Try it: Pictures aside, print all of the data below exactly as written.

Supplied material:
######
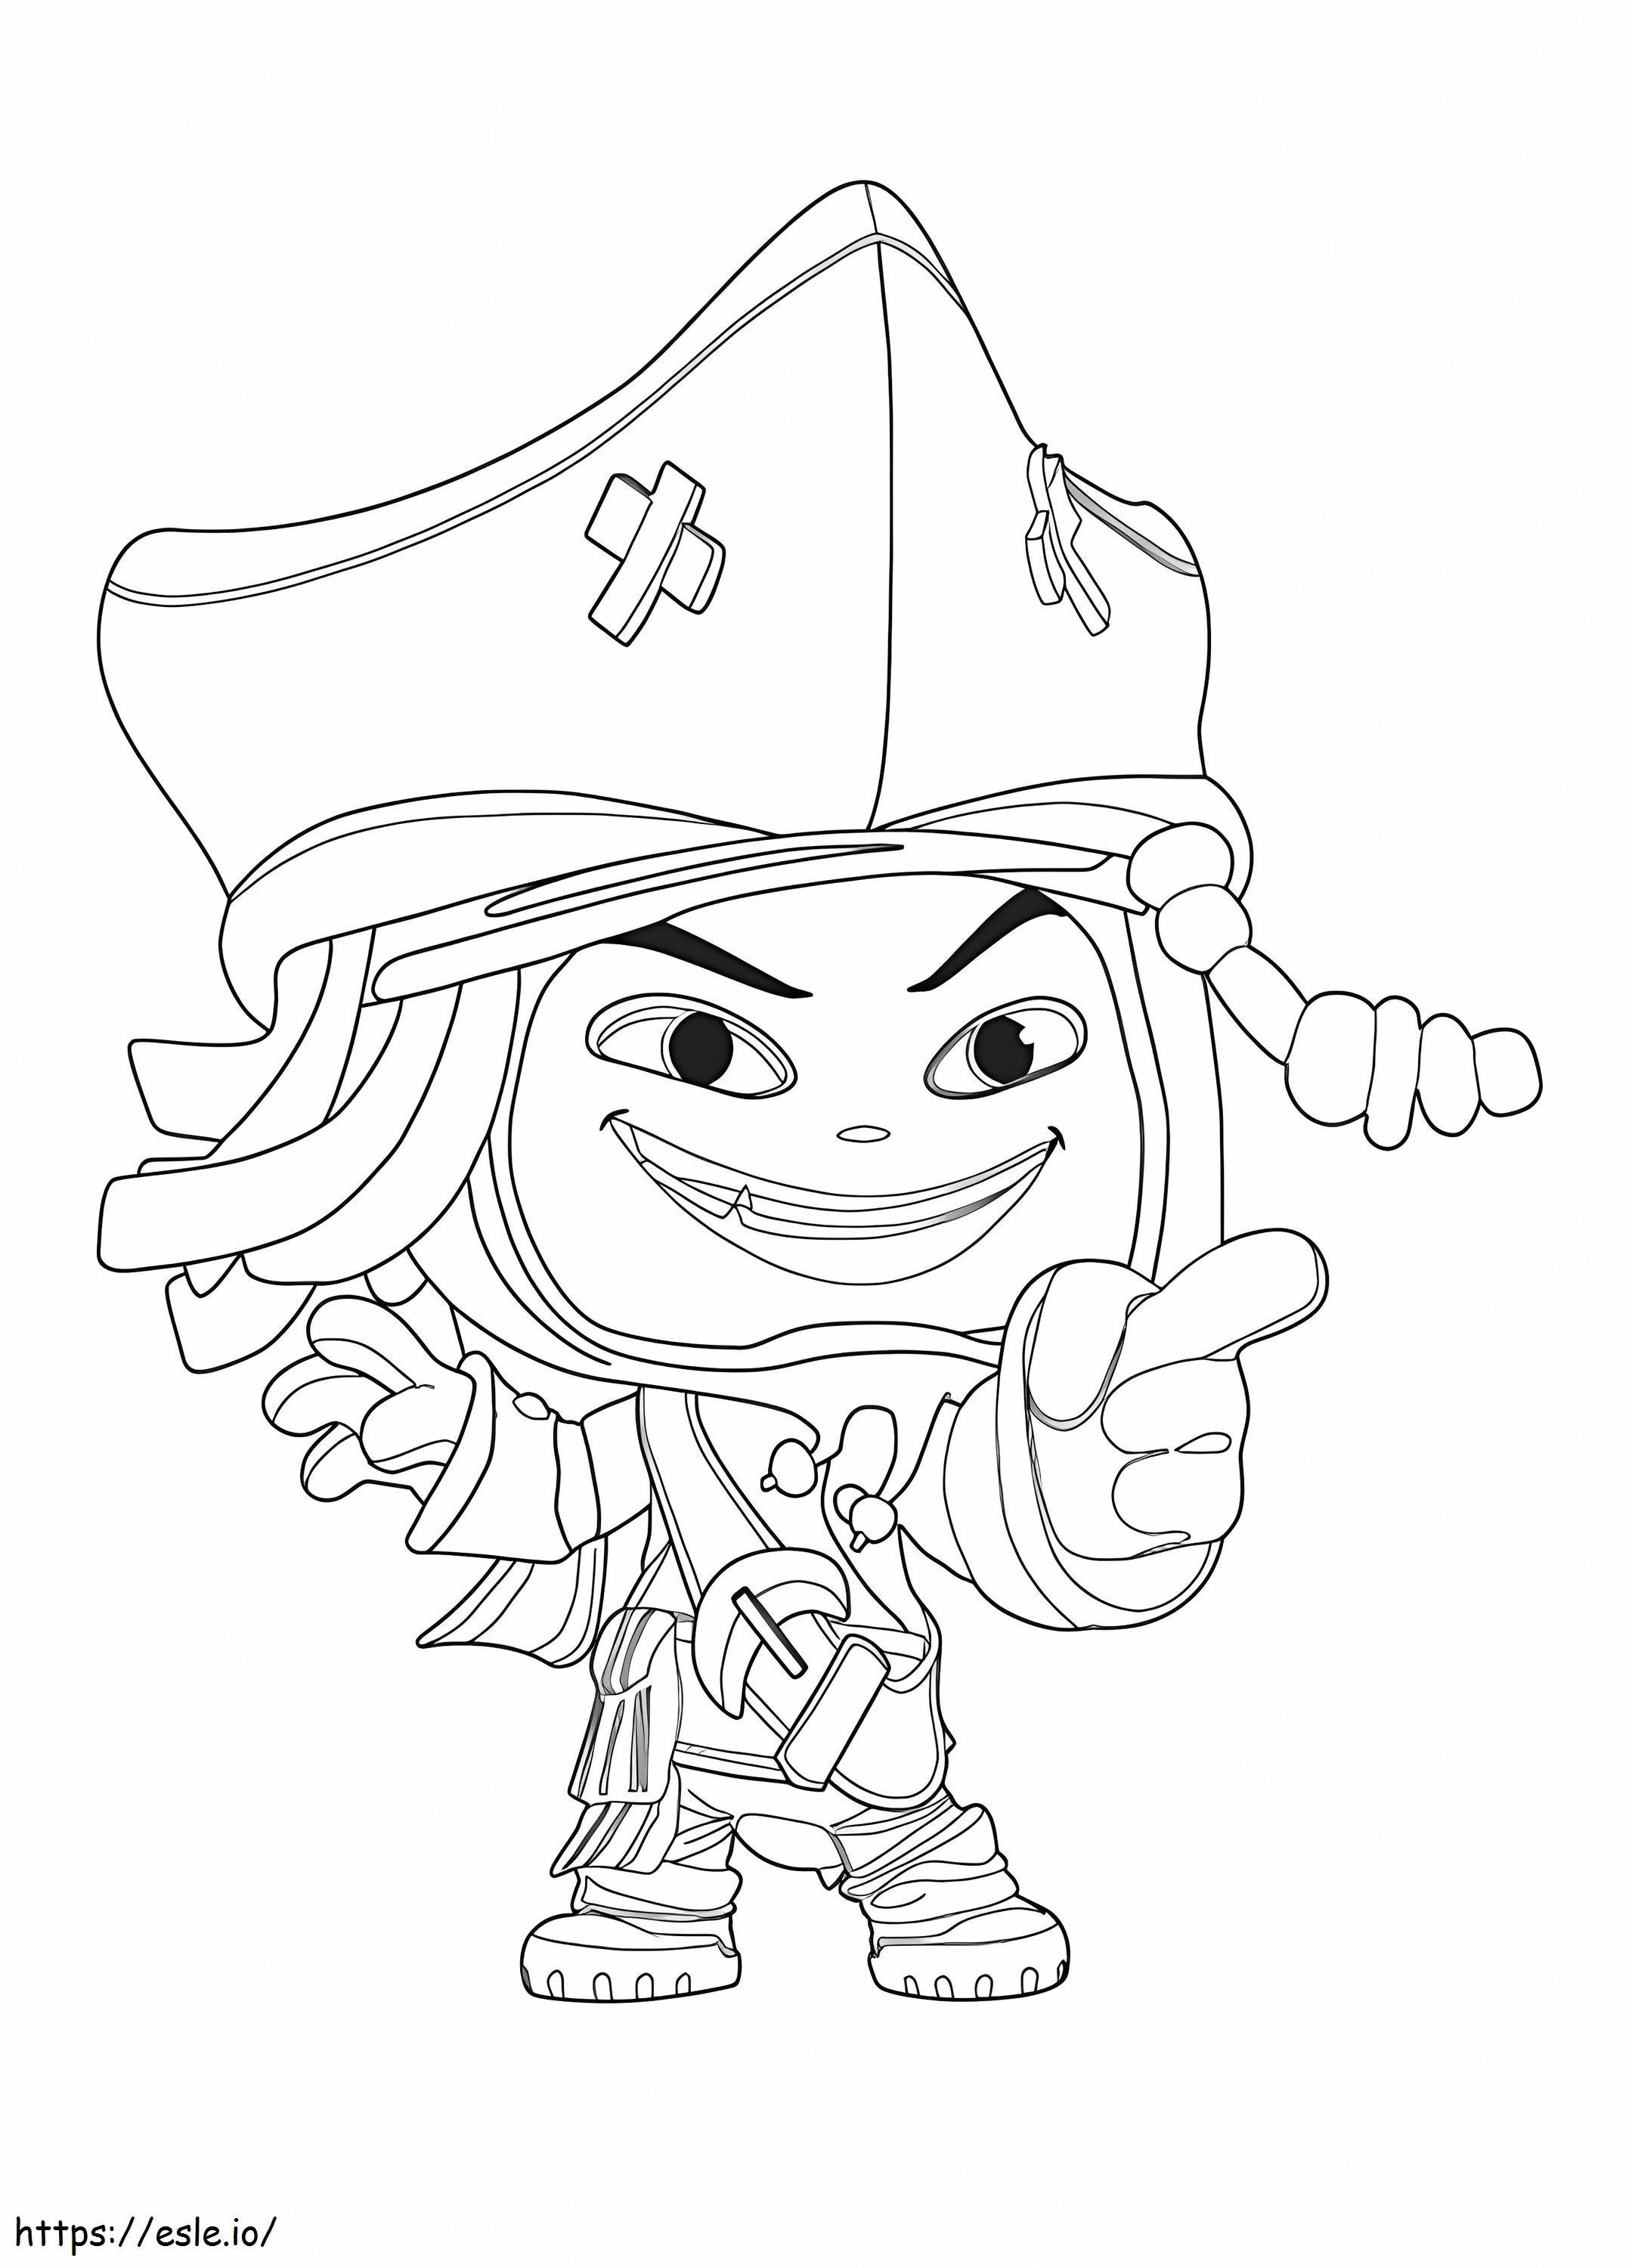 Jack Sparrow din universul Disney de colorat
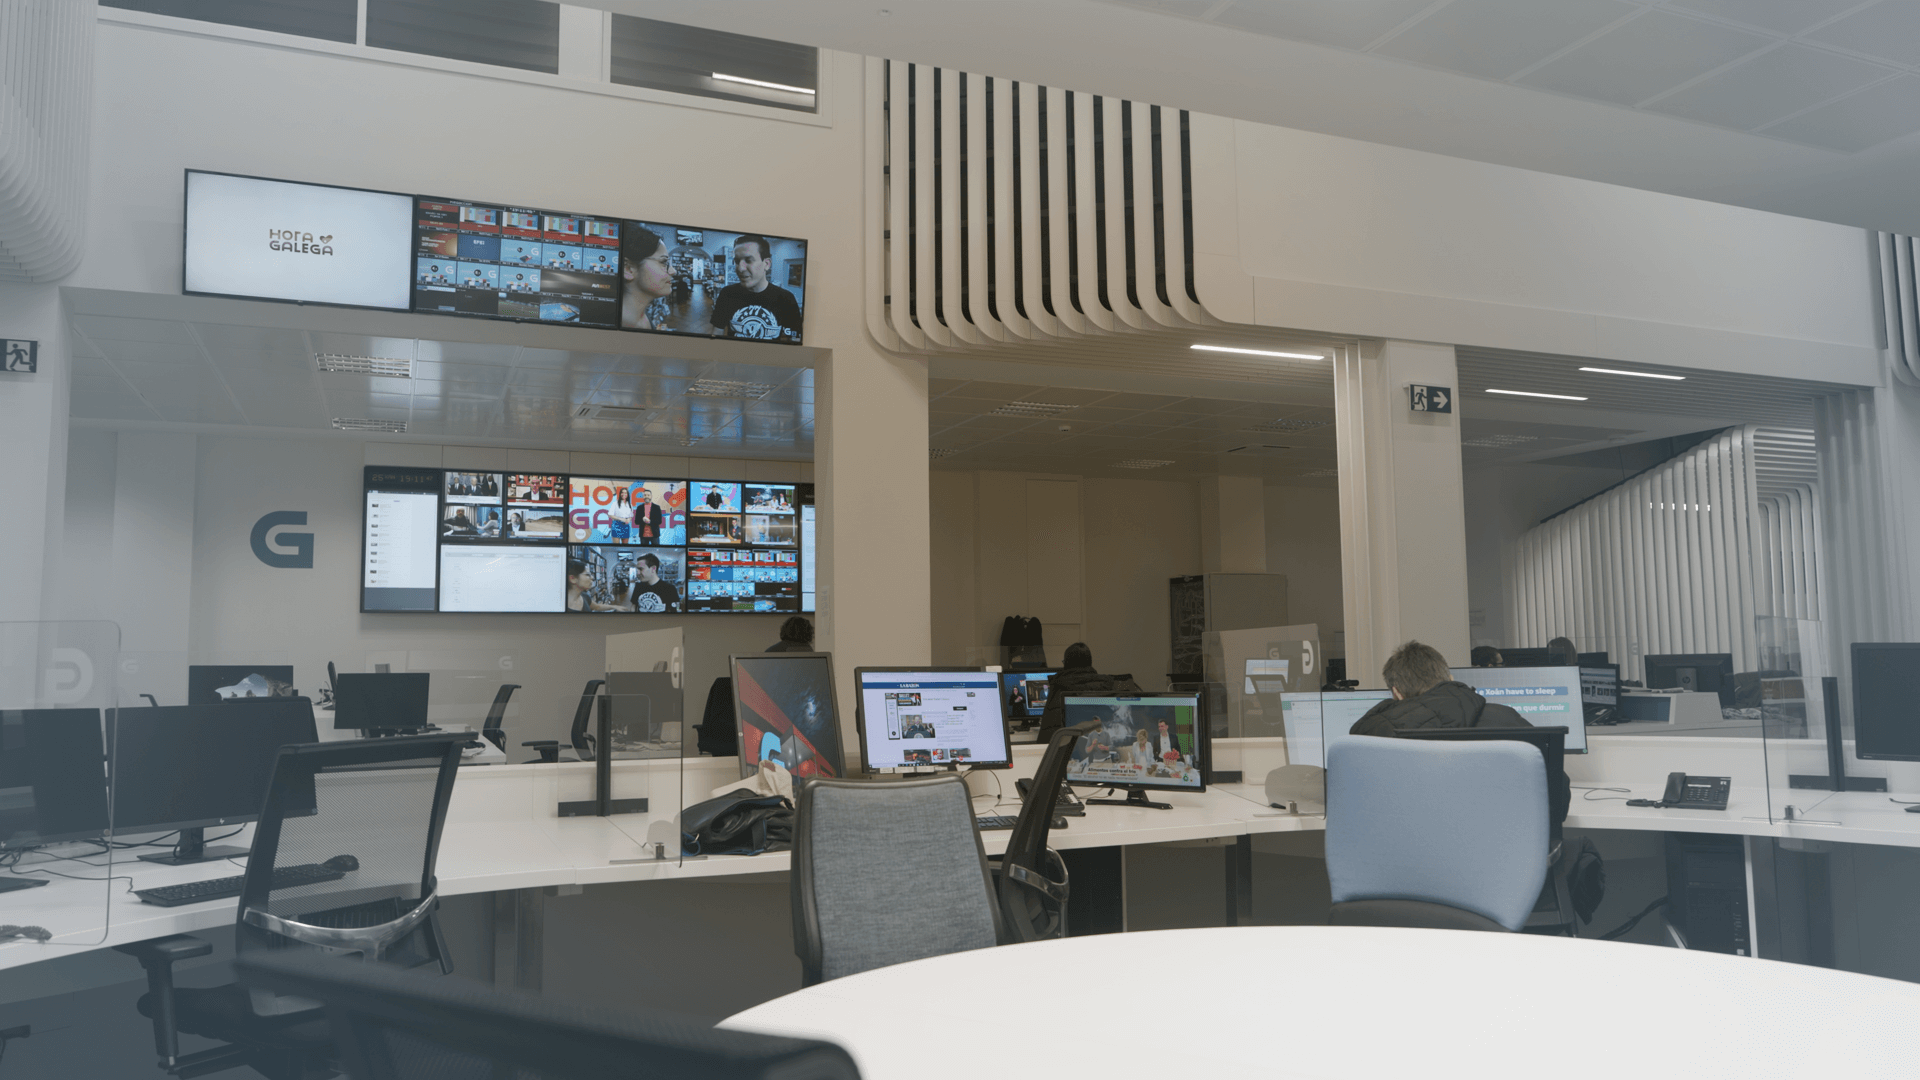 Emissões da TV Galiza arrancaram quatro anos depois do Estatuto da autonomia
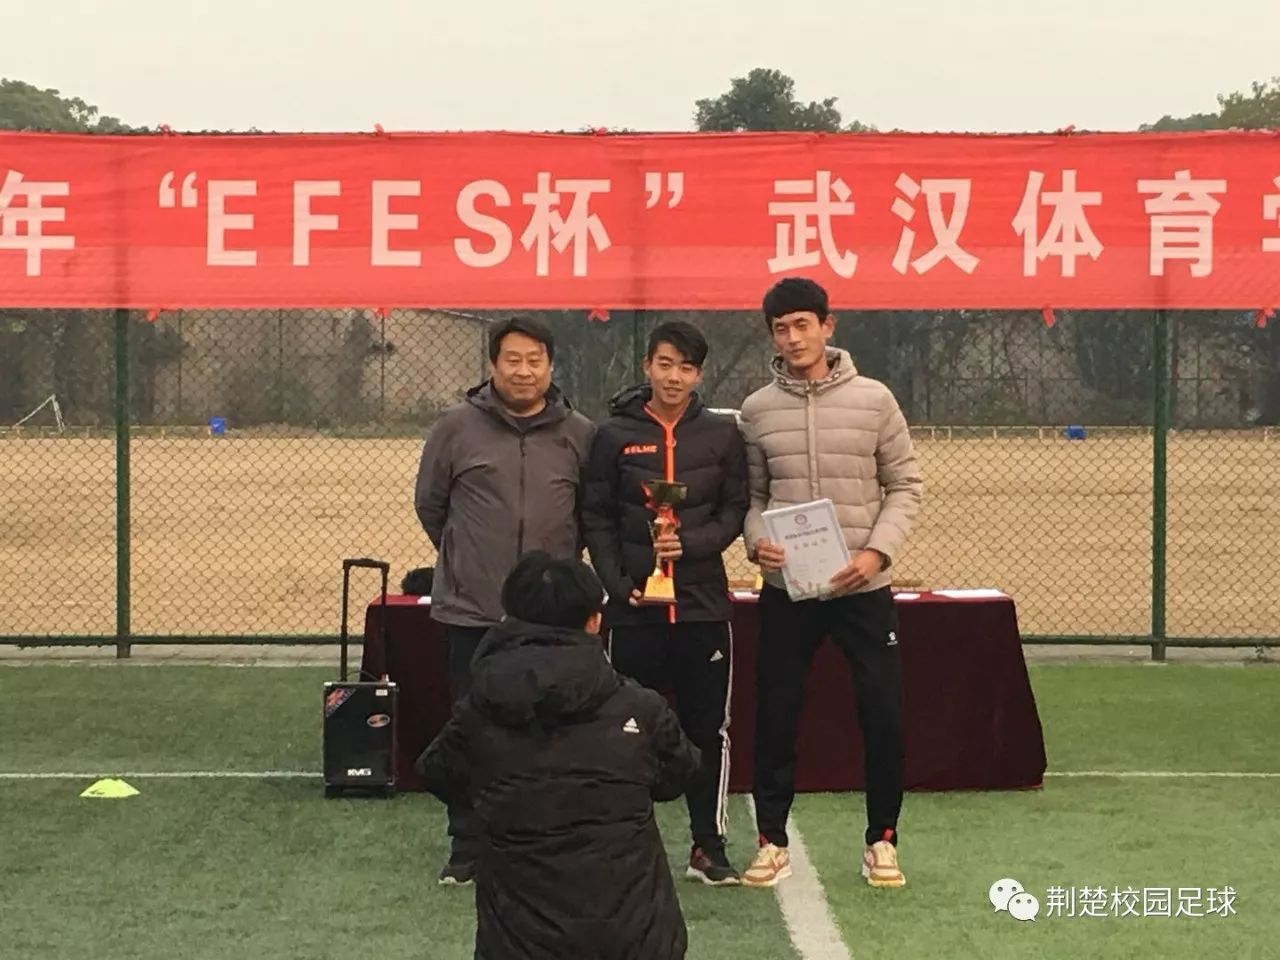 2017年efes杯武汉体育学院足球联赛圆满落幕
######
Task result:
 Jack Sparrow din universul Disney de colorat
 Emissões da TV Galiza arrancaram quatro anos depois do Estatuto da autonomia
 2017年efes杯武汉体育学院足球联赛圆满落幕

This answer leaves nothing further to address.